И внезапно я все понял совершенно четко. Не нужно даже было идти в соответствующий отдел министерства, чтобы убедиться: Хорста Гюссе искали агенты министерства по заявлению Сары Абелесовой, рожденной в 1922-м в К. Потому что я это знал. Потому что это и есть тот миф, то правдоподобие, которое своей правдой уже превышает детективную подкладку моих воспоминаний.
Но, пожалуй, в дедуктивной цепочке не хватает еще одного звена. Это звено – топография местечка К. и разговор, который старуха Риттенбахова вела с моей матерью в 1939 году, в первый год войны, после полуночной мессы.

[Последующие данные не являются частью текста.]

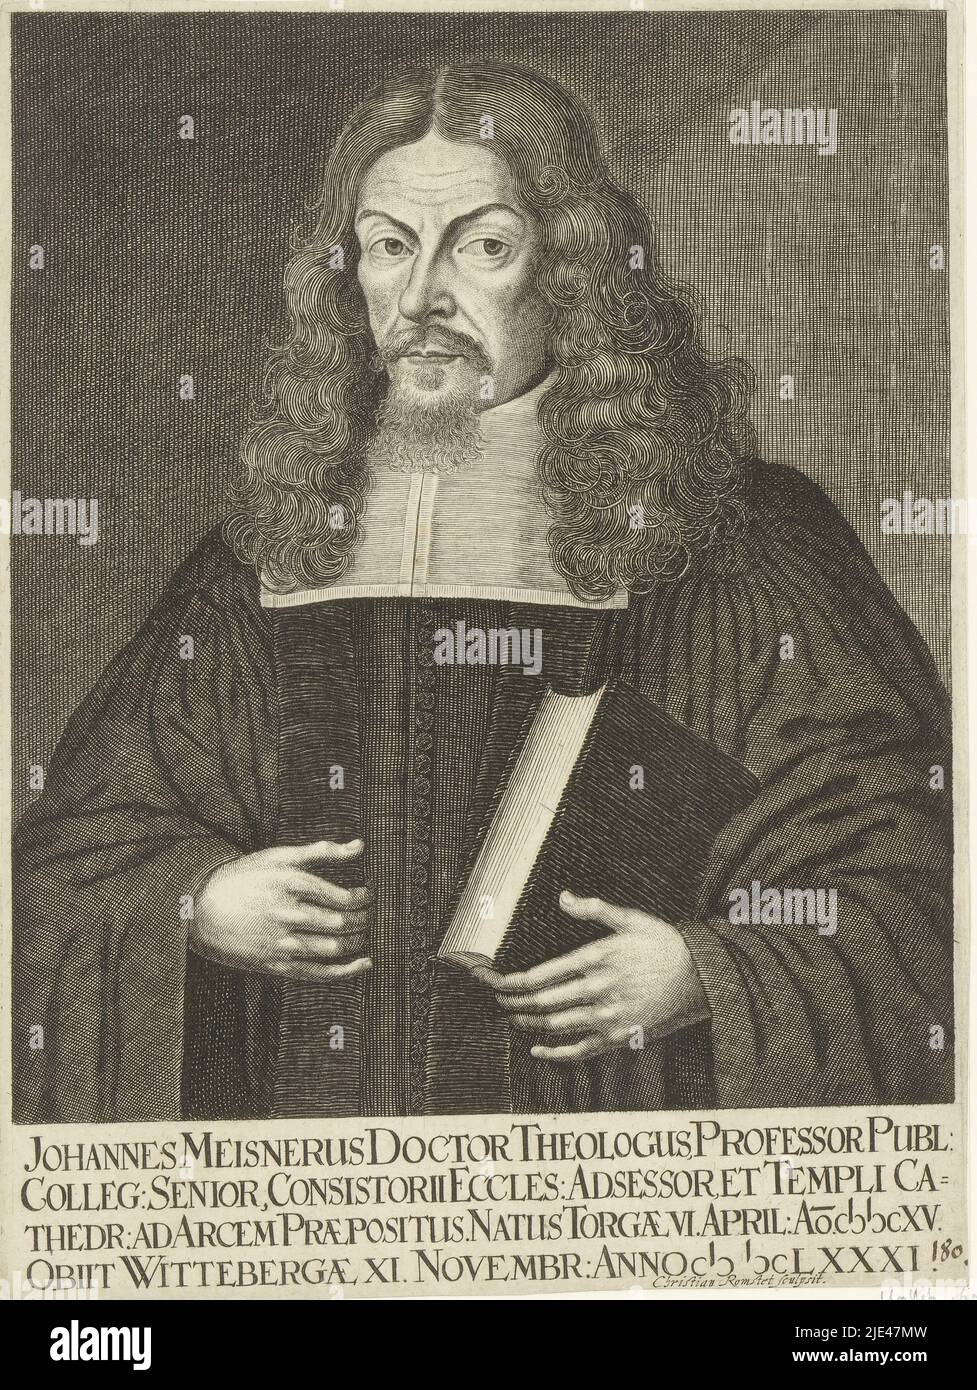 Porträt von Johannes Meisner, Christian Romstet, 1665 - 1721, Druckerei: Christian Romstet, (auf Objekt erwähnt), 1665 - 1721, Papier, Gravur, H 226 mm - B 170 mm Stockfoto
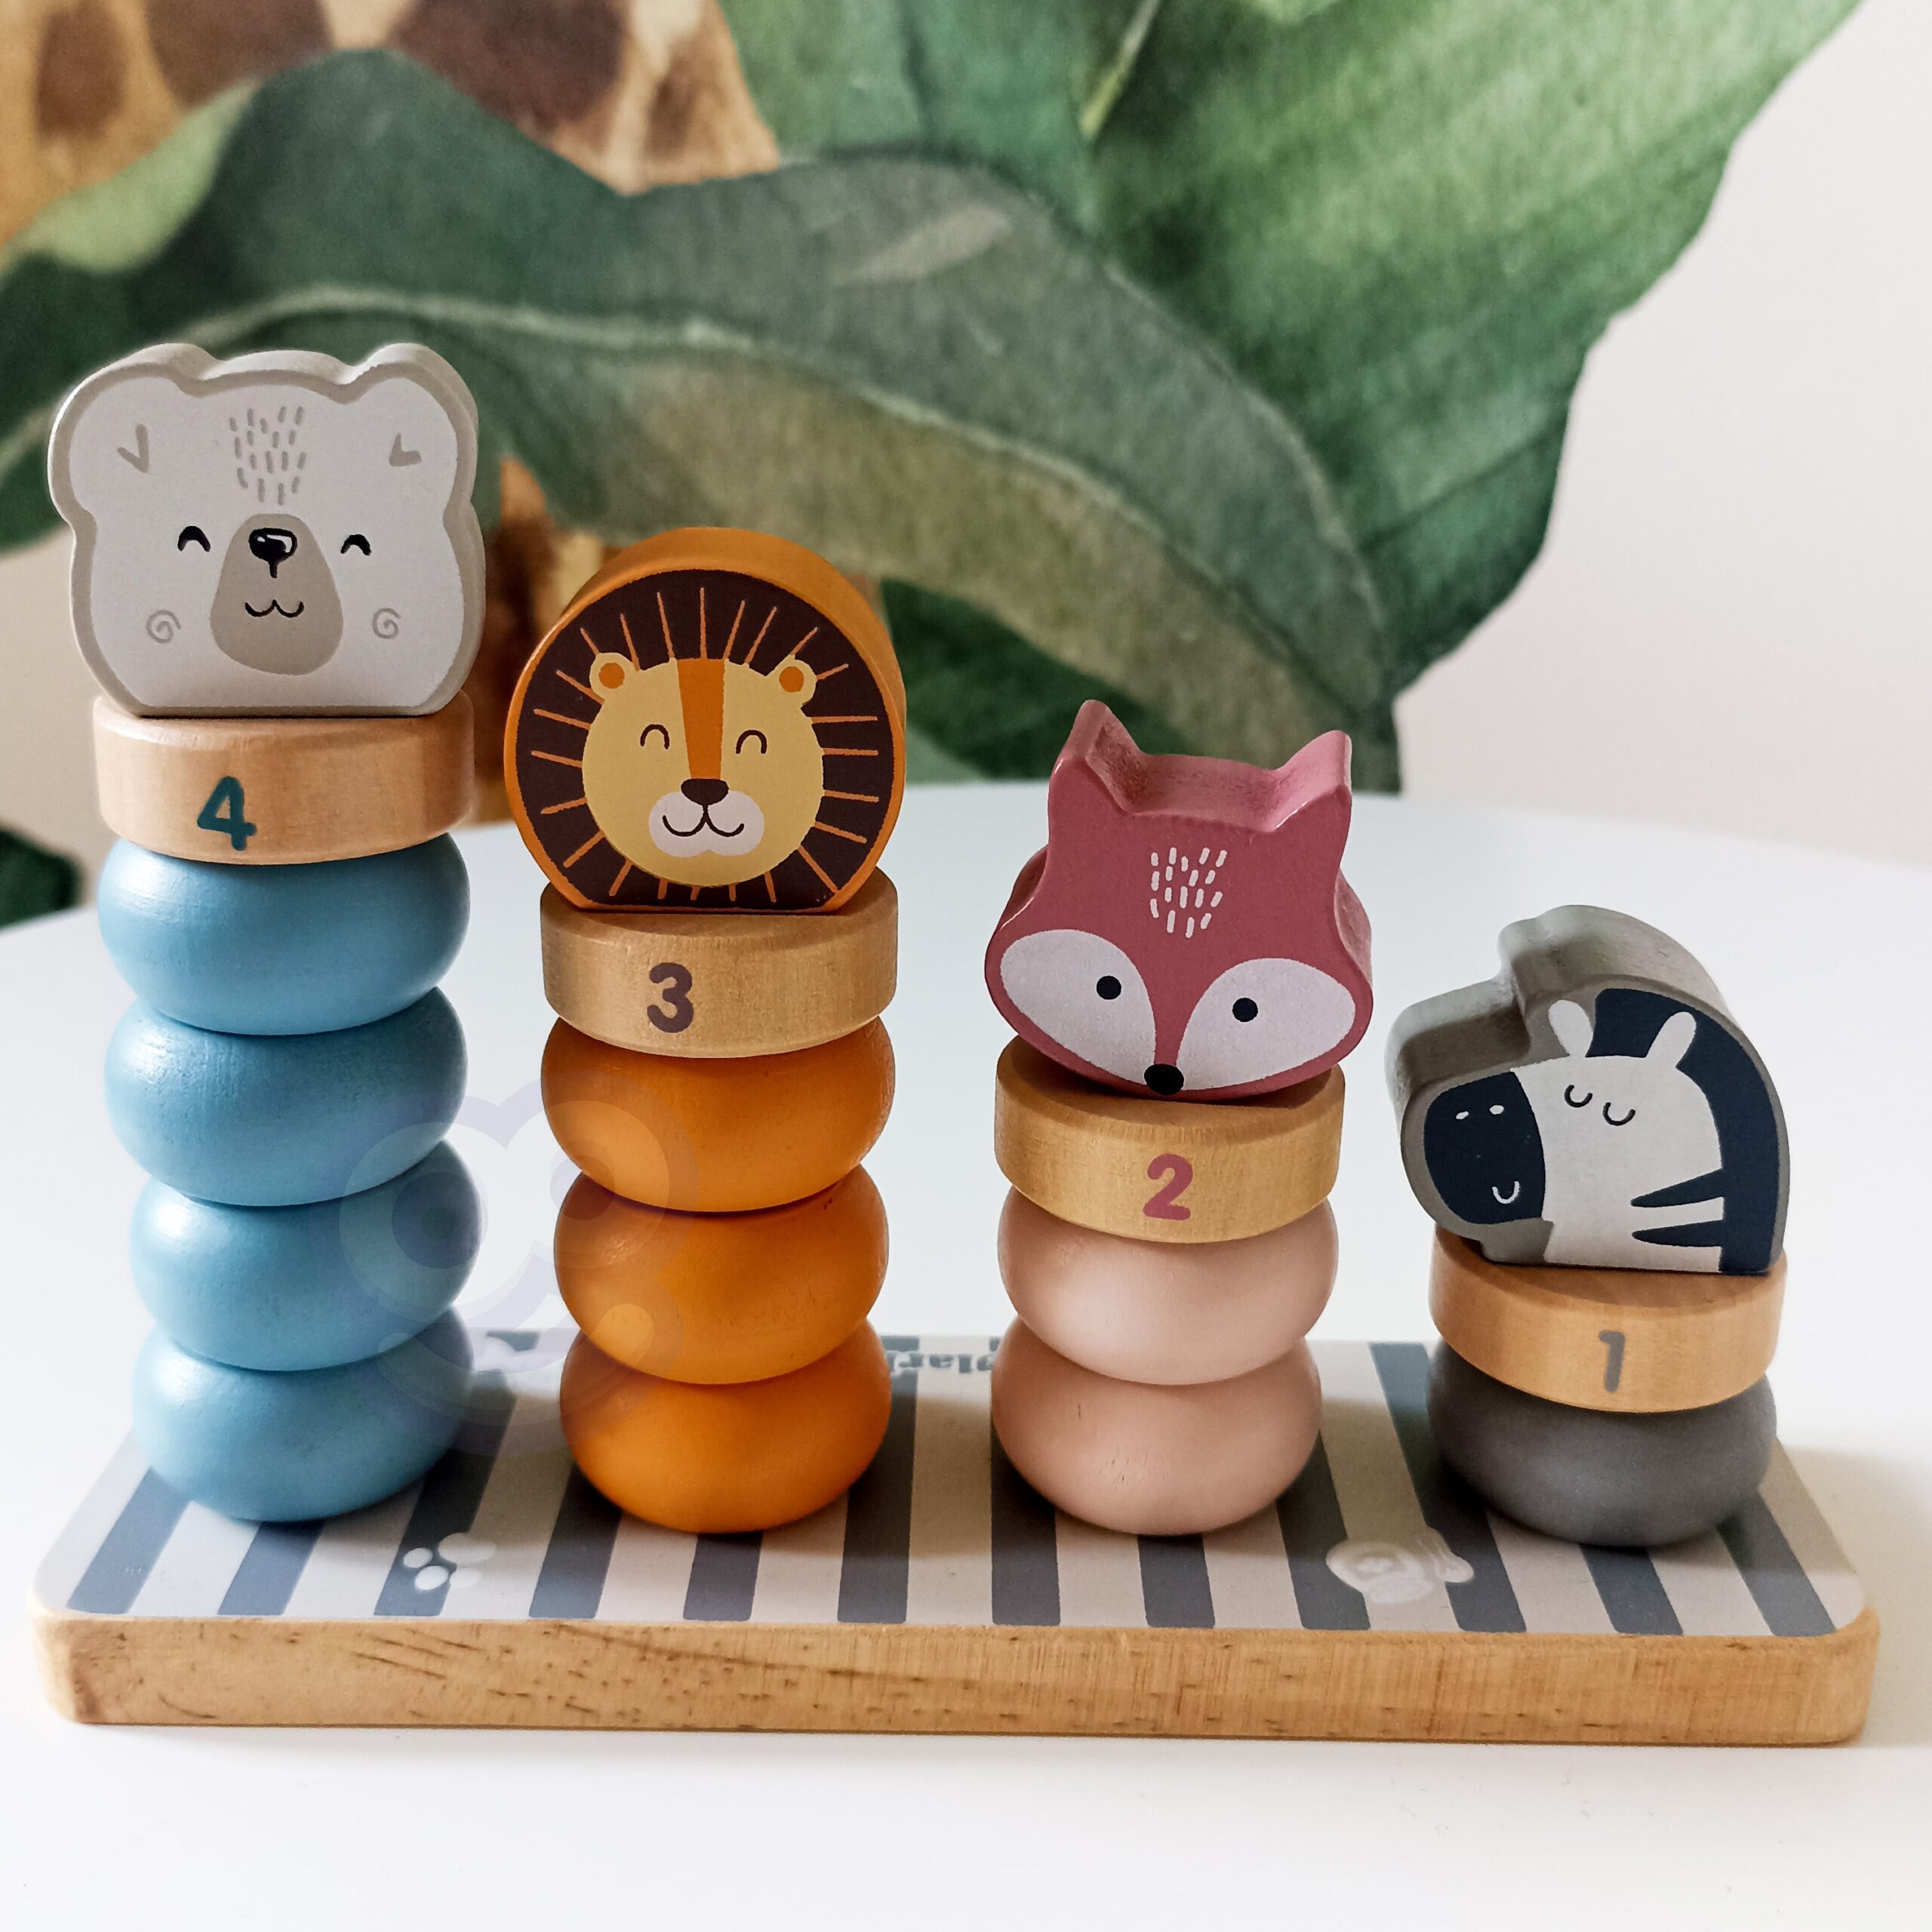 Drewniana układanka edukacyjna ze zwierzątkami Viga PolarB, zabawka dla dzieci

Пан Гуса, когда превратился в герра Гюссе и вместо темно-серого двубортного костюма стал носить черные бриджи, перебрался в виллу пана Абелеса, выселив прежнего владельца в пустовавший домик в дальнем углу большого сада, окружавшего виллу; позже пан Абелес с семьей был переселен в старую еврейскую школу, а еше позже – в гетто терезинской крепости.
И в том вот садовом домике родился у Сары Абелесовой в феврале 1940 года сын Авраам, что стало для местечка своего рода сенсацией. Молодые еврейки о детях тогда уже не помышляли, ибо даже с легальной позиции это было сомнительным. Размножение расы, обреченной на уничтожение, – соответствующие законные мероприятия, думаю, были придуманы или же изобретались, так что хирургическое вмешательство в этом случае едва ли считалось бы наказуемым деянием. Но Сара Абелесова все же родила ребенка, сына Авраама; наверное, с этим именем связывалась какая-то отчаянная надежда, ибо с этого патриарха началось размножение колена Израилева.
Вы поняли?
Когда мы в тот год морозной и ветреной ночью шли из костела, я слышал обрывки разговора, который вела моя мать со старой пани Риттенбаховой.
– Он не мошет это так оставить, милостпани, – театральным шепотом говорила старуха. – Я фам говорю, что должен быть наказаний. А мы фее долшен стать помощник этот наказаний, фрау диришер; если не так, мы не мошет смотреть Ефо глаза…
Вот как это было. Едва увидел свет этого света Хорст Гюссе, 10.02.1940, как в тот же свет вошел, почти одновременно, Авраам Абелес. В те времена женщины рожали дома. Вечер, потом темная ночь, тьма в саду. Новорожденные все одинаковы, поэтому и лепят сейчас им на попку лейкопластырь с именем или номером; но тогда женщины рожали индивидуально, каждая в своем одиночестве.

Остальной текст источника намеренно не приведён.